Data Pipeline QA architecture: ADF/Synapse pipeline → Event Grid → Azure Function → Blob Storage baselines → Foundry Agent GPT-4.1-mini with Code Interpreter → QA report and alert

Step-by-Step Build

Step 1 — Create the Event Grid subscription

# Subscribe to ADF pipeline run completion events
PIPELINE_ID=$(az datafactory pipeline list \
  --resource-group $RG \
  --factory-name $ADF_NAME \
  --query "[0].id" -o tsv)

az eventgrid event-subscription create \
  --name pipeline-qa-trigger \
  --source-resource-id /subscriptions/$SUB/resourceGroups/$RG/providers/Microsoft.DataFactory/factories/$ADF_NAME \
  --endpoint-type azurefunction \
  --endpoint /subscriptions/$SUB/resourceGroups/$RG/providers/Microsoft.Web/sites/$FUNC_APP/functions/pipeline_qa_trigger \
  --included-event-types Microsoft.DataFactory.PipelineRunCompleted

Step 2 — Azure Function definition

# function_app.py
import os
import json
import logging
from datetime import datetime, timezone
import azure.functions as func
from azure.storage.blob import BlobServiceClient
from azure.identity import DefaultAzureCredential, get_bearer_token_provider
from openai import AzureOpenAI

app = func.FunctionApp()
logger = logging.getLogger(__name__)

credential = DefaultAzureCredential()
blob_client = BlobServiceClient(
    account_url=f"https://{os.environ['STORAGE_ACCOUNT']}.blob.core.windows.net",
    credential=credential
)
# One Responses-API client drives the QA agent (Code Interpreter + function
# calling). azure-ai-projects 2.x removed the Assistants threads/runs surface;
# the Responses API replaces it and needs no separate agent registration.
client = AzureOpenAI(
    azure_endpoint=os.environ["AZURE_OPENAI_ENDPOINT"],
    azure_ad_token_provider=get_bearer_token_provider(
        credential, "https://cognitiveservices.azure.com/.default"),
    api_version="2025-04-01-preview",
)
MODEL = os.environ.get("QA_MODEL", "gpt-4.1-mini")
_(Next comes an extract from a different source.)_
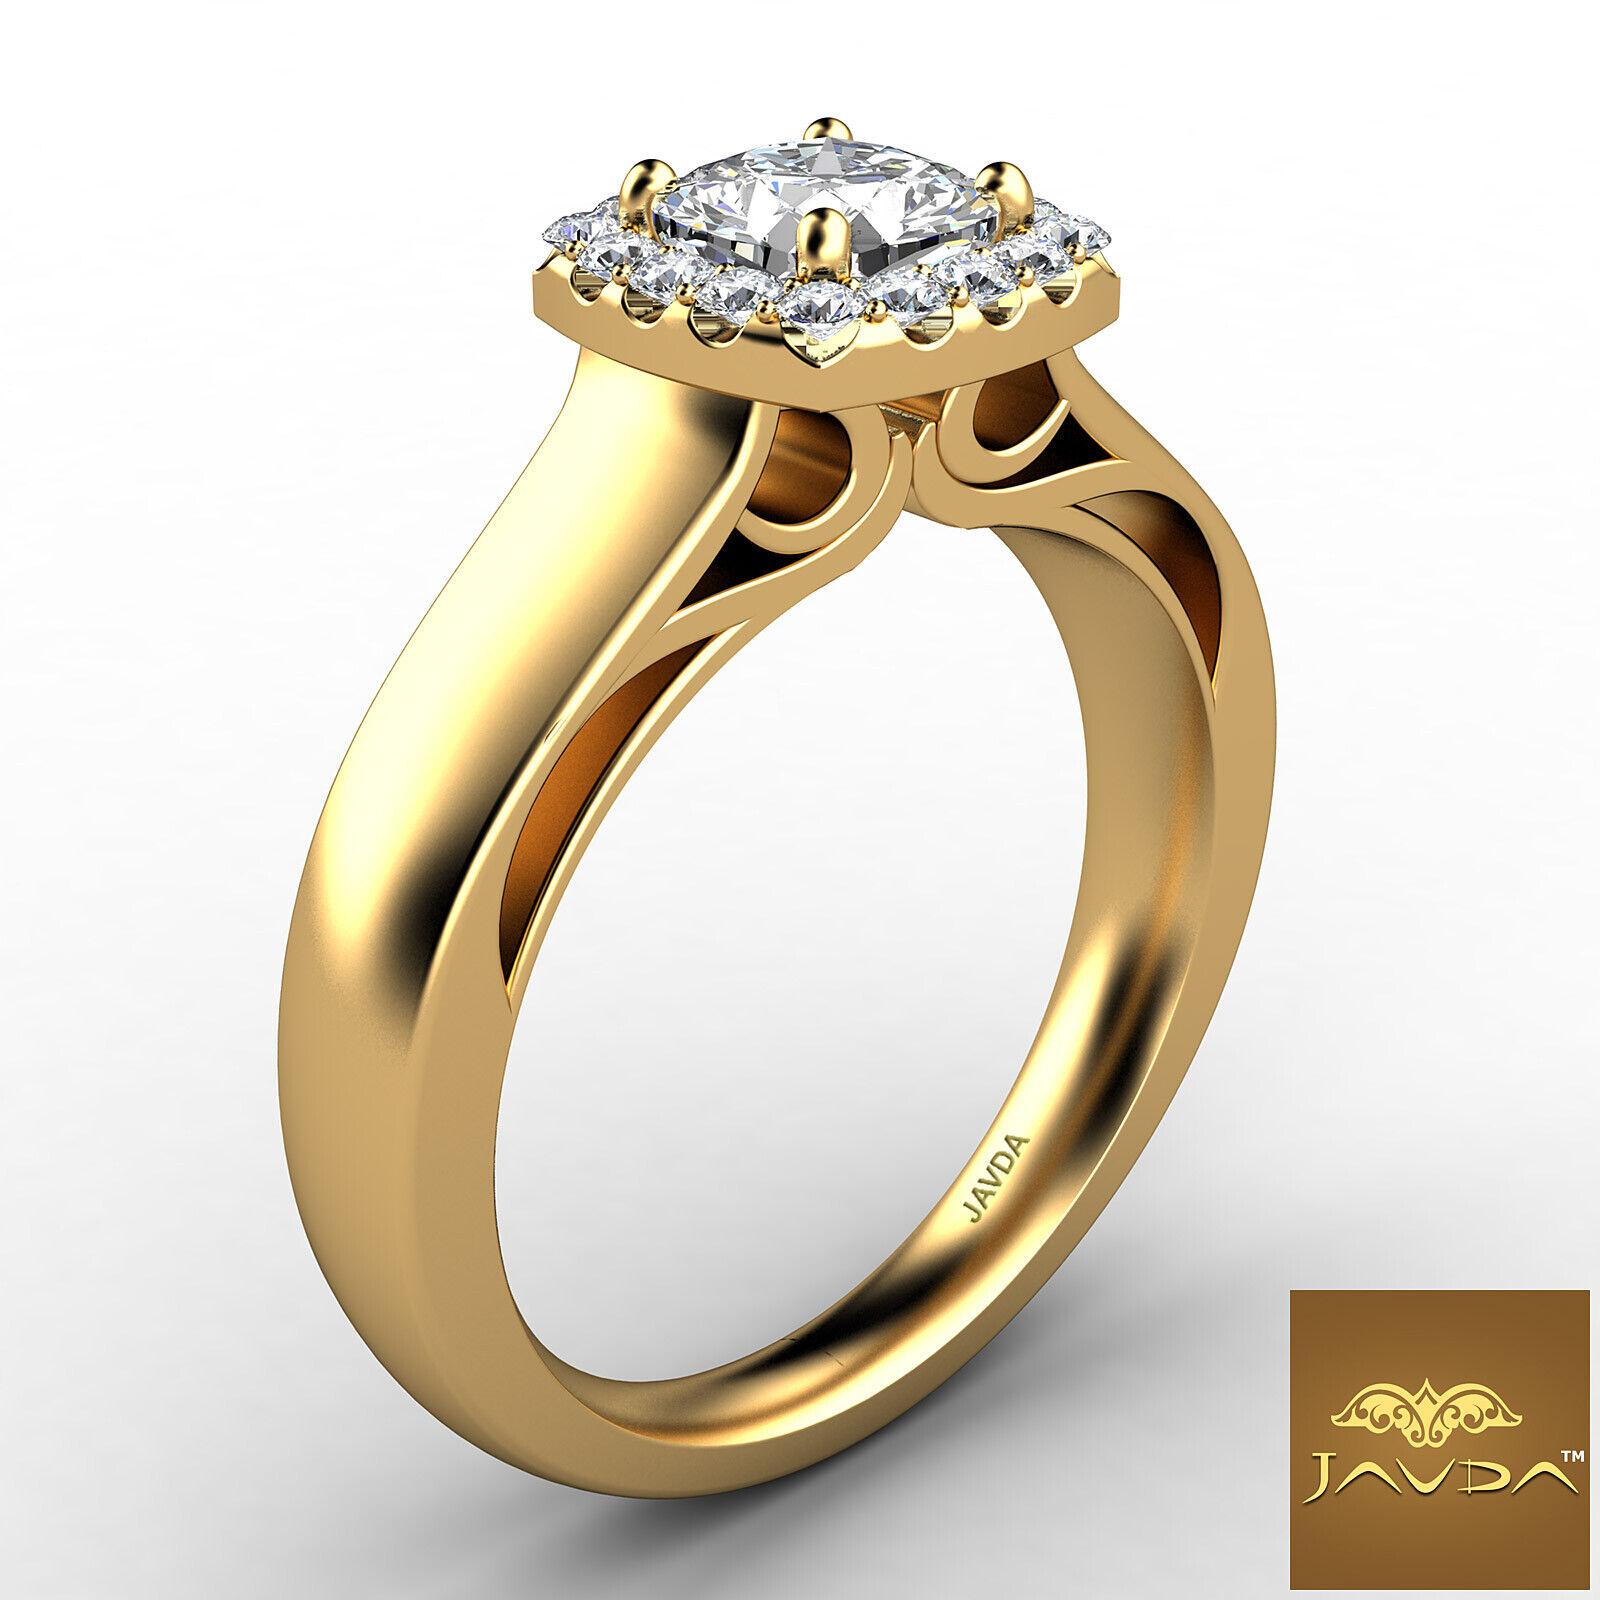 Filigree Shank U Cut Prong Cushion Diamond Engagement GIA H Color VS1 Ring 0.7Ct 6
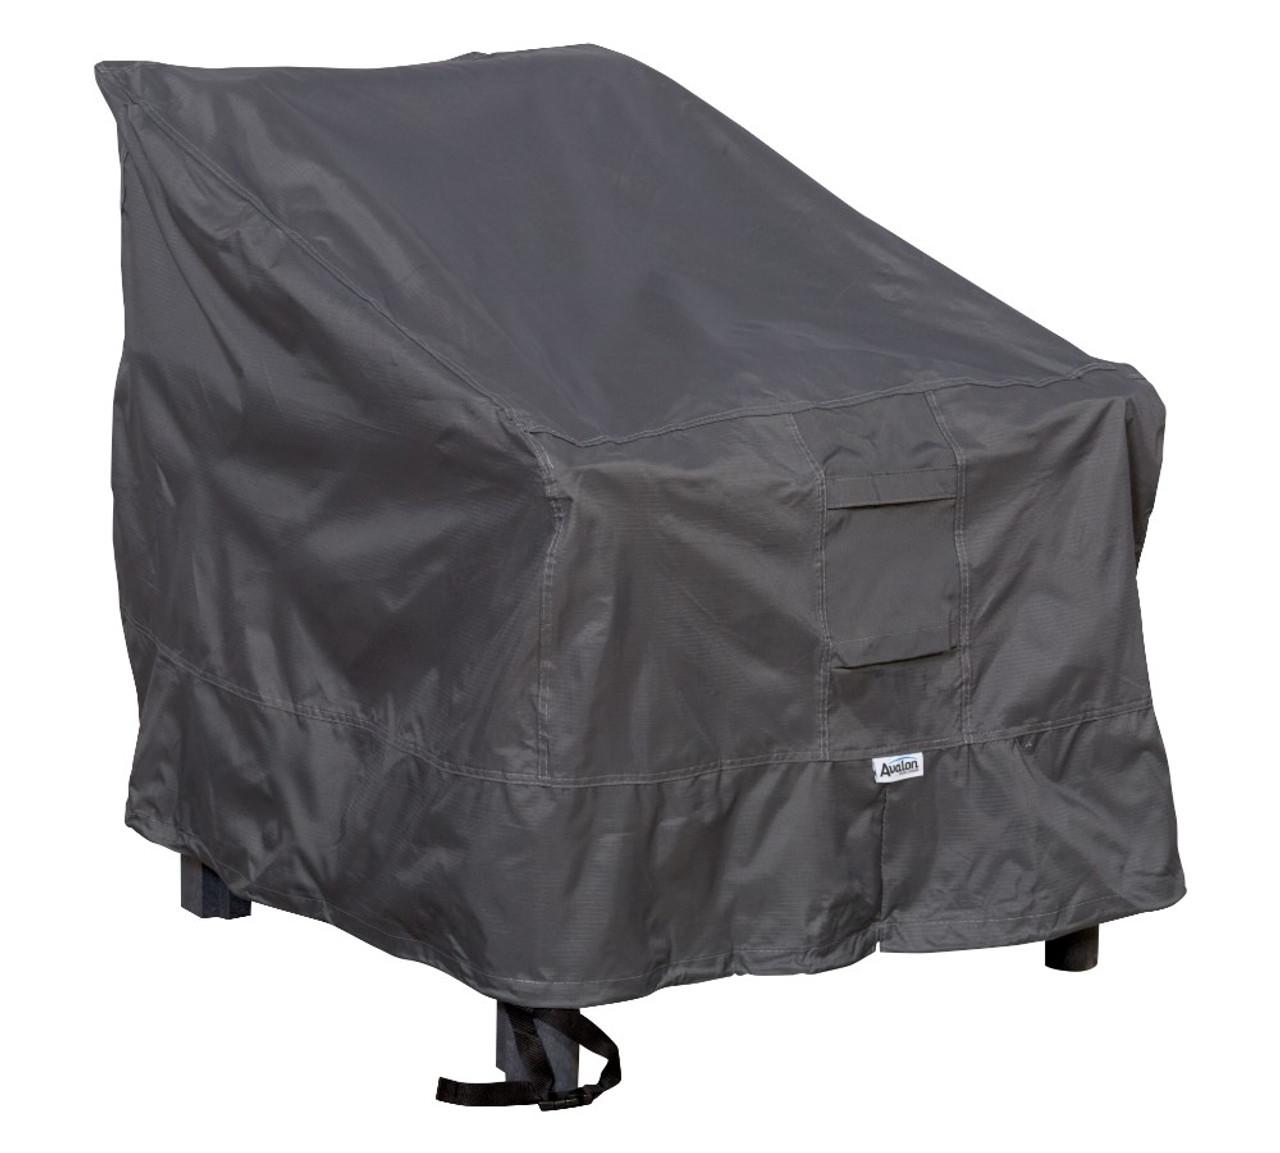 Avalon high back chair cover

@app.event_grid_trigger(arg_name="event")
def pipeline_qa_trigger(event: func.EventGridEvent):
    """Triggered when an ADF pipeline run completes."""
    data = event.get_json()
    logger.info(f"Pipeline event: {json.dumps(data)}")

    pipeline_name = data.get("pipelineName", "unknown")
    run_id = data.get("runId", "unknown")
    status = data.get("status", "unknown")

    if status != "Succeeded":
        logger.info(f"Pipeline {pipeline_name} did not succeed (status={status}), skipping QA.")
        return

    # Collect pipeline run stats
    stats = collect_pipeline_stats(pipeline_name, run_id, data)
    logger.info(f"Stats collected: {json.dumps(stats)}")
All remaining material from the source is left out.